The Lutetia remains this melting-pot place for the rest of the 20th century, with aficionados such as Albert Camus, James Joyce, Samuel Beckett and Juliette Gréco, as well as David Lynch, Serge Gainsbourg, Gérard Depardieu and Catherine Deneuve, amongst others. No wonder it is regarded as such a Parisian icon.
The hotel of today
After closure for a renovation that lasted four years — the first in its long history — the Lutetia is now reopened, refurbished and rethought throughout, though its heritage preserved. “The challenge facing us was to breathe new life into an establishment while respecting its roots, its identity, and its personality,” explains the architect of this Renaissance, the internationally renowned Jean-Michel Wilmotte.
This ambitious renovation, beyond the new layout of the ground floor and the seven new signature suites, is driven by light. For instance, a new interior patio brings more daylight into the building, while offering a charming view of the façade.

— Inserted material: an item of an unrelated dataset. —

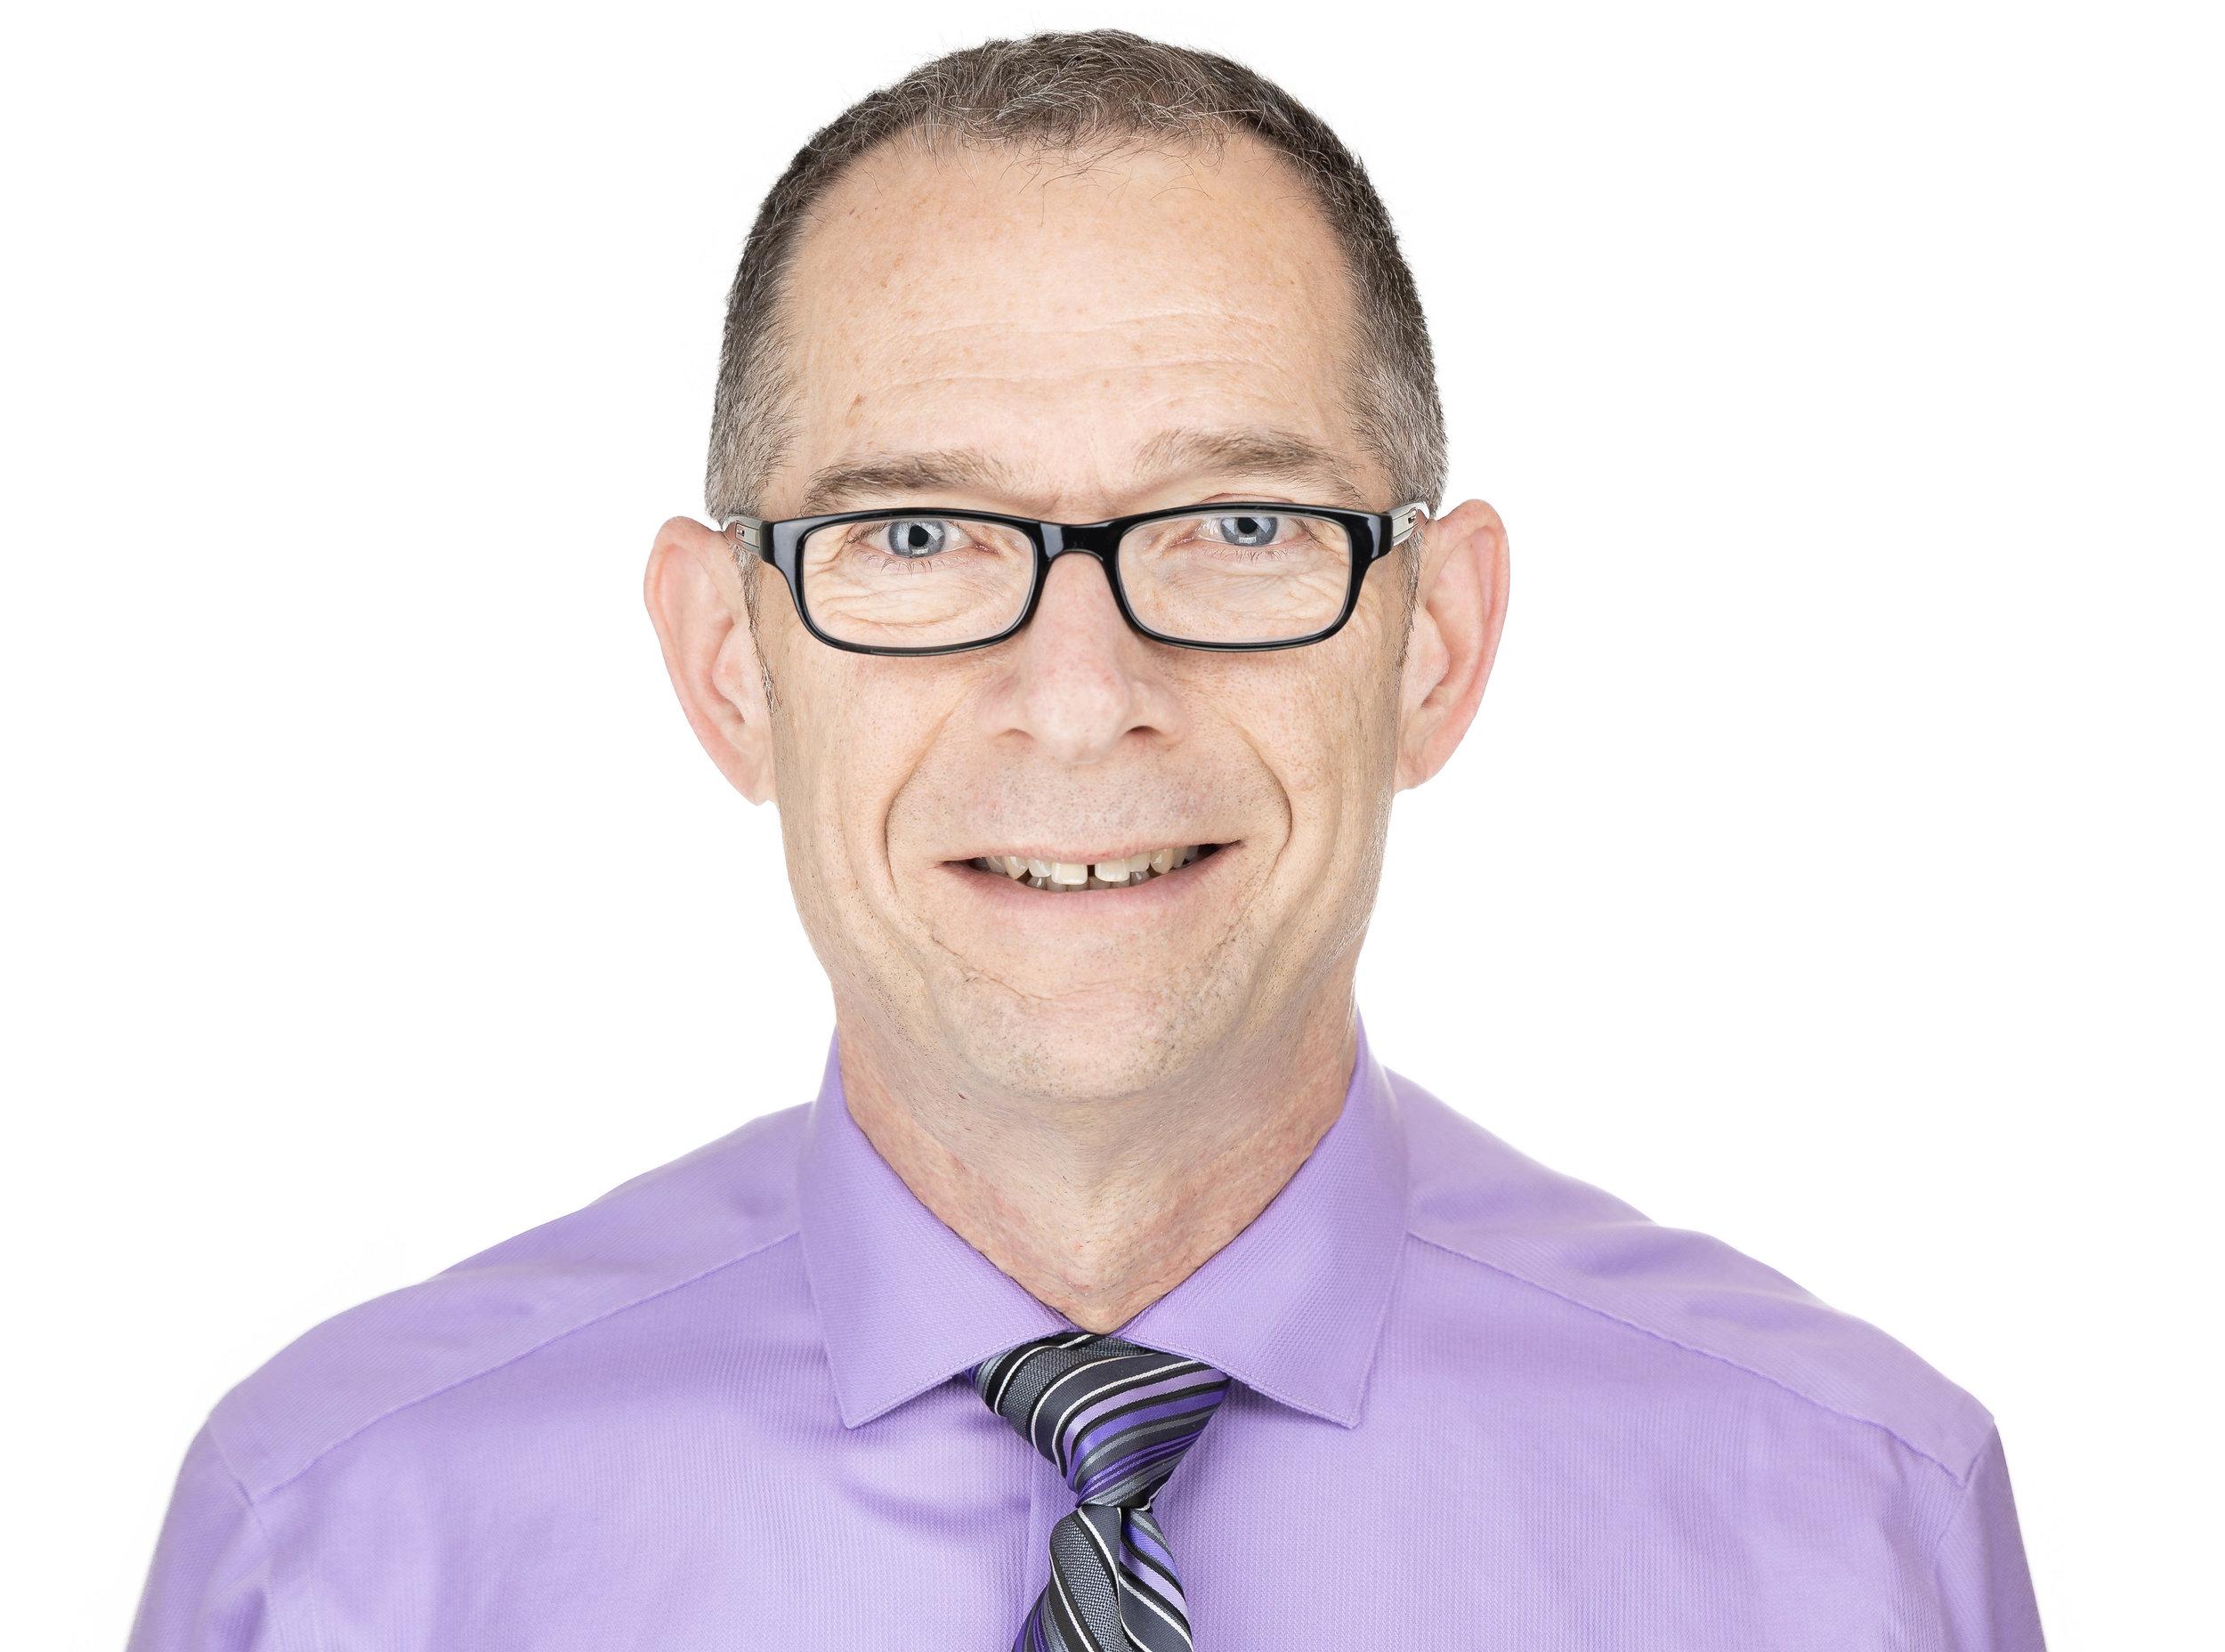 Stephen Gorman, Ph.D., CCC-SLP - voice pathologist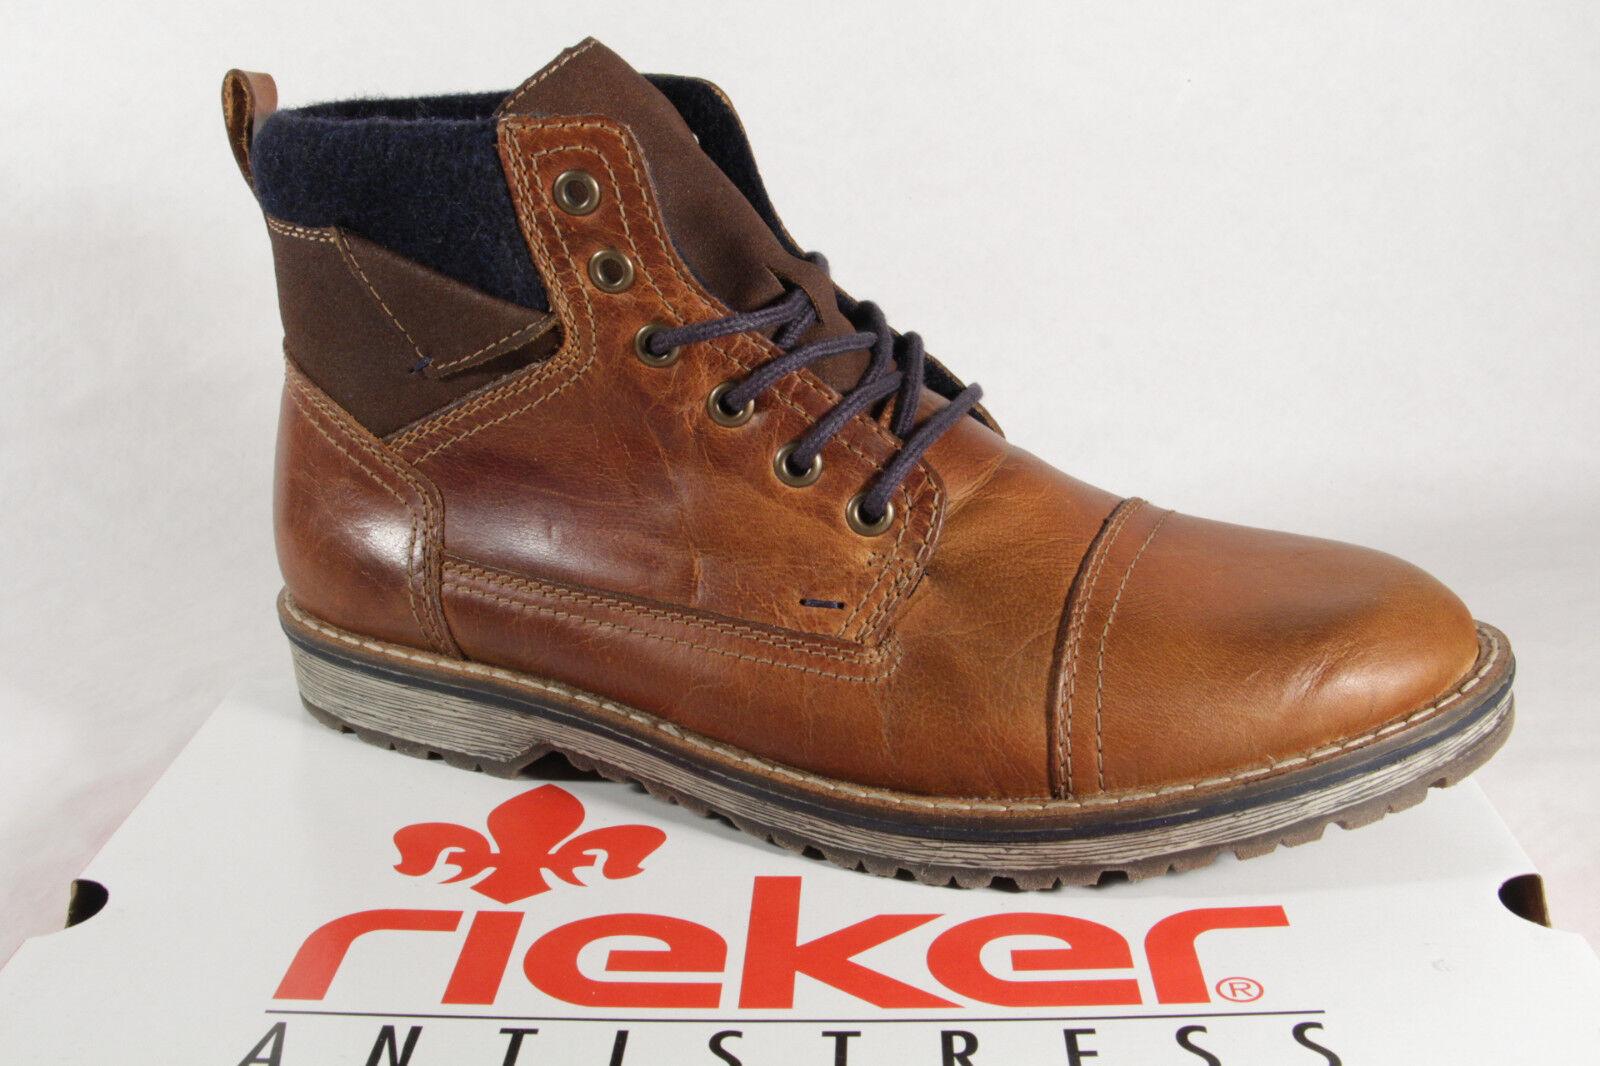 a6f3cd6d957c Robert Wayne Mens Thomas Black Ankle Casual Boots Shoes 13 Medium (D) BHFO  9348

Then there’s the new state-of-the art spa, stunning indoor swimming pool and the return of locals’ favourite, Brasserie Lutetia, headed up by the three-Michelin-starred chef Gerald Passedat. All of which is only fitting for this Grande Dame of the Left Bank.
As writer and publisher Pierre Assouline, who dedicated a book to the hotel, puts it: “Rarely has the soul of a place been engraved for eternity with its christening name. Beyond the palace, with all it carries of luxury and comfort, beyond the “grand hotel”, with what the expression drives of literary smells, the Lutetia is Paris.”